Pack Your (Book) Bags for Vacation

It's been so chilly where I am this spring that summer seems very far away and one warm day can make me act giddy.
We're thisclose to Memorial Day and summer vacation, so let's pack up the woolies and start planning our reading list.
I guarantee you'll have trouble deciding among all of the great books coming out this summer. Here are just a few of the ones I'm looking forward to:

  • Big Girl Panties, by Stephanie Evanovich
    You'll almost want to buy this for the title alone, but I predict this will be the frothy beach book that everyone will read this summer. It's an escapist tale of a "fluffy girl" named Holly who found solace in food while taking care of her dying husband. Trying to find her way back to the land of the living, Holly meets a trainer who finds her to be quite a challenge. And then the sparks fly. (July 9 from HarperCollins)
  • The Ocean at the End of the Lane, by Neil Gaiman
    I've been waiting for a new novel from Gaiman for a long time, and this "fairy tale for adults" promises to bewitch readers. It's described by the publisher as a "harrowing tale of mystery and survival, memory and magic." Yes, please. Also, as an aside, if you aren't following Gaiman on Twitter (@neilhimself), you're missing some very witty writing. (June 18 from HarperCollins)
  • The Redeemer, by Jo Nesbo
    If you want to know what I'm doing for the Memorial Day holiday, here it is. I've told you many many times how gripping and thrilling Nesbo's books are, and this one promises to keep up the exciting pace.
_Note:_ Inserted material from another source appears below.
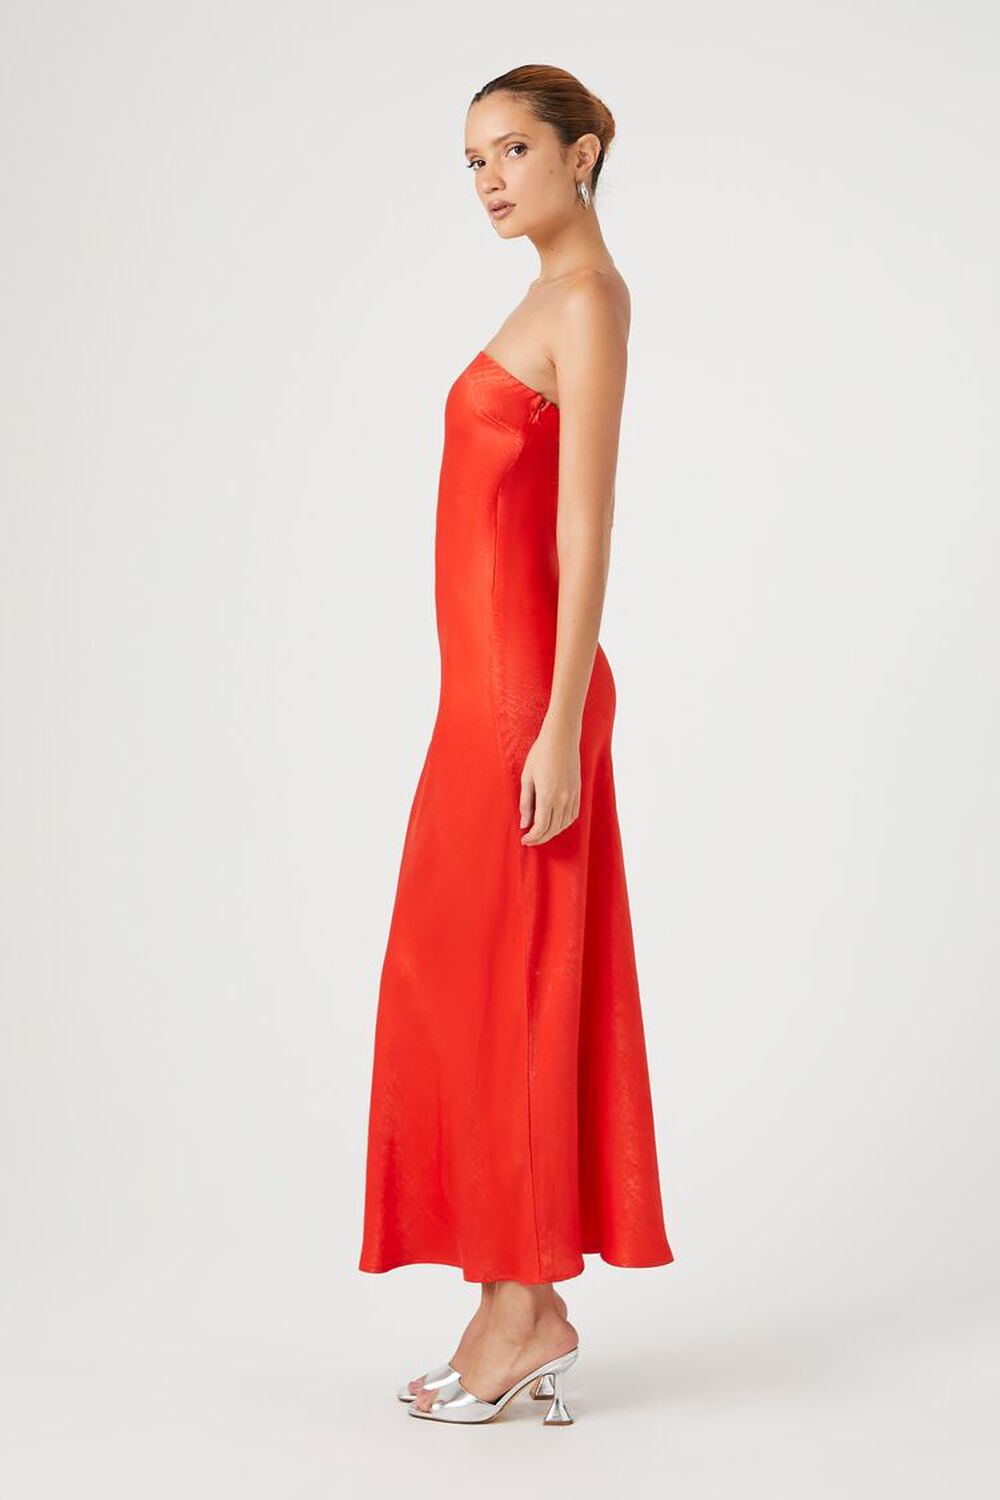 FIERY RED Satin Strapless Maxi Dress, image 2

Infamous policeman Harry Hole is once again on the trail of a killer, this time a professional assassin who doesn't plan to be caught. (May 21 from Knopf Doubleday)
  • Steal the Menu, by Raymond Sokolov
    The former New York Times food editor, Sokolov has seen it all, eaten it all, and is now writing about it all. In the vein of Ruth Reichl at her best, he gives us inside stories of a 40-year career that many of us would envy. (May 14 from Knopf Doubleday)
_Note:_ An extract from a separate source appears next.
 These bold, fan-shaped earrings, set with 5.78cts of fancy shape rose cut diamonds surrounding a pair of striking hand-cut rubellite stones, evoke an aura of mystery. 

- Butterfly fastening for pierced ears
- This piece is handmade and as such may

  • Lookaway, Lookaway, by Wilton Barnhardt
    I'm almost rubbing my hands in glee over this one, since it takes place practically in my backyard. This is a satirical look at the moneyed class in Charlotte, N.C., featuring the banking world, the Junior League set, and even my beloved Mint Museum. Can. Not. Wait.  (Aug. 20 from St. Martin's Press)
  • The Truth, by Michael Palin
    I'm convinced there is no end to Palin's talents - Monty Python-ite, accomplished travel guide, novelist. His latest book combines a bit of all three, as he writes about an author on a journey to discover the truth about his latest topic, a humanitarian in India that may just be too good to be...well, you get it. (Aug. 13 from St. Martin's Press)
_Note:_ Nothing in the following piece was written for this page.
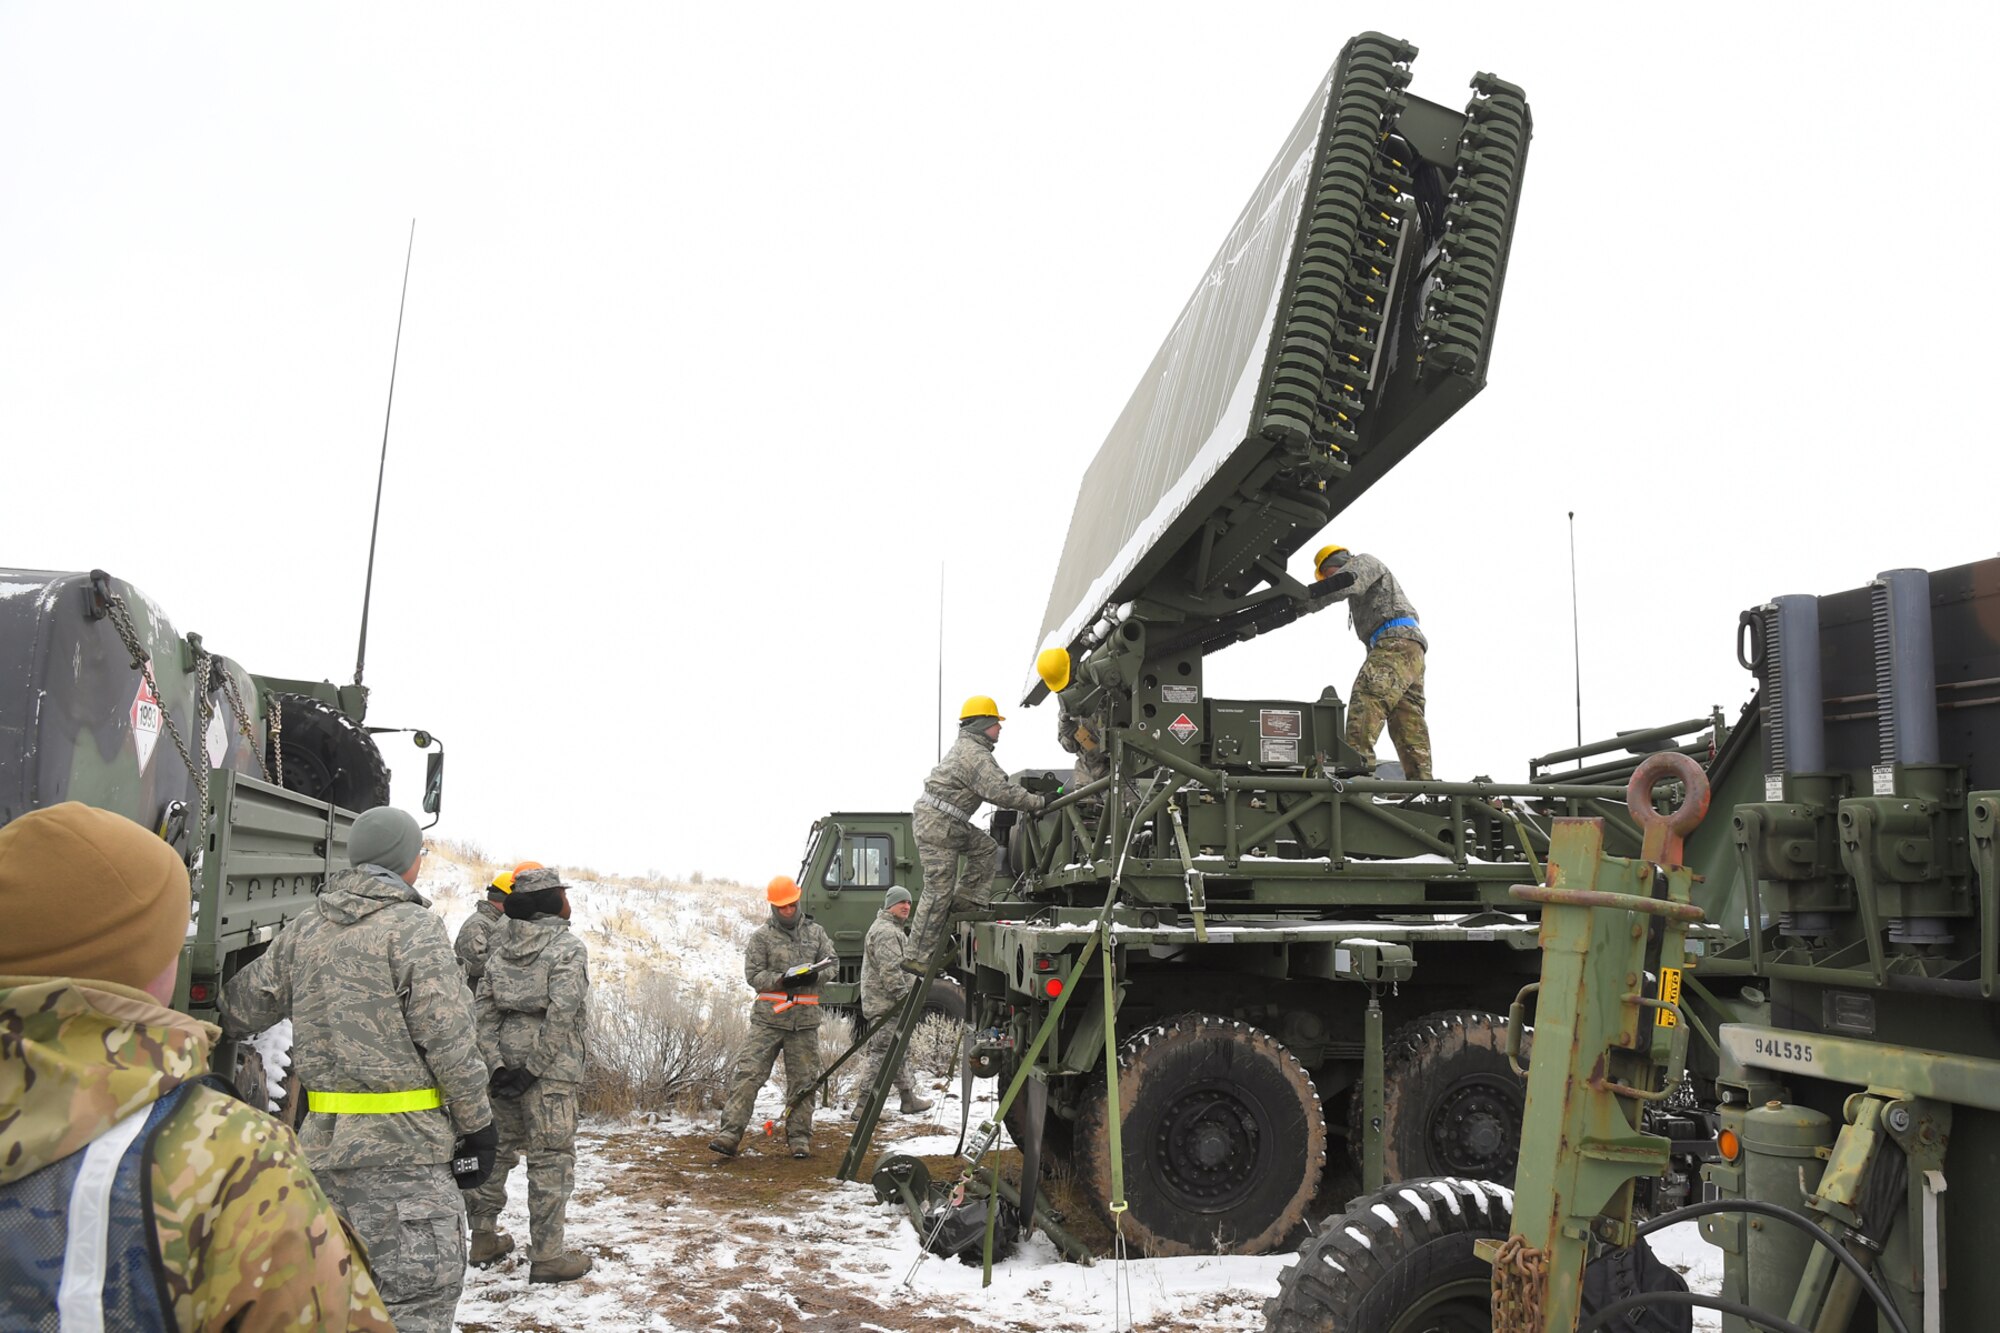 Airmen with the 729th Air Control Squadron set up the radar Feb. 5, 2019, during a readiness exercise at Hill Air Force Base, Utah. The evolution was part of an exercise to mobilize and set up a deployed radar location and control reporting center. (U.S. Air Force photo by Todd Cromar)

  • Shorecliff, by Ursula DeYoung
    If you think family vacations can be trying, wait until you read about this family's summer-long getaway in 1928 at Shorecliff, a Maine mansion. Cousins, uncles, and aunts intrigue, plot, scheme, and argue their way through the dog days. (July 23 from Little, Brown & Company)
  • Snow Hunters, by Paul Yoon
    I do have a fascination with North Korea, as you may have guessed from two recent reviews. So I am anticipating this novel of a North Korean defector who, rather than taking the normal path to the south or to China, decides to move to a small coastal town in Brazil. The people he meets, and the second chance he is given, change him even more than he anticipated. (Aug. 6 from Simon & Schuster)
  • The Gravity of Birds, by Tracy Guzeman
    Two people are hired to price and sell a painting by a famous reclusive artist. As they work on the project, they discover dark secrets about the two sisters in the painting, and how the artist himself kept the sisters apart, while also drawing them together. (Aug. 6 by Simon & Schuster)
  • Freud's Mistress, by Karen Mack
    Minna Bernays is a former lady's companion who is looking for work, unsuccessfully, in Vienna. Frustrated in her search, she ends up living with her sister Martha and her husband, Sigmund Freud. Martha declares Freud's work to be disgusting and embarrassing, but Minna finds it to be fascinating. In this fictionalized account of an actual event, Minna becomes Freud's mistress, and finds herself caught up in more than just a betrayal of her sister. (July 9 from Amy Einhorn)

1 comment:

  1. Okay, there are several of those you're going to have to let me borrow - "Lookaway, Lookaway" sounds fantastic. Also, NEIL GAIMAN. I can't wait for my SIGNED copy to get here!!!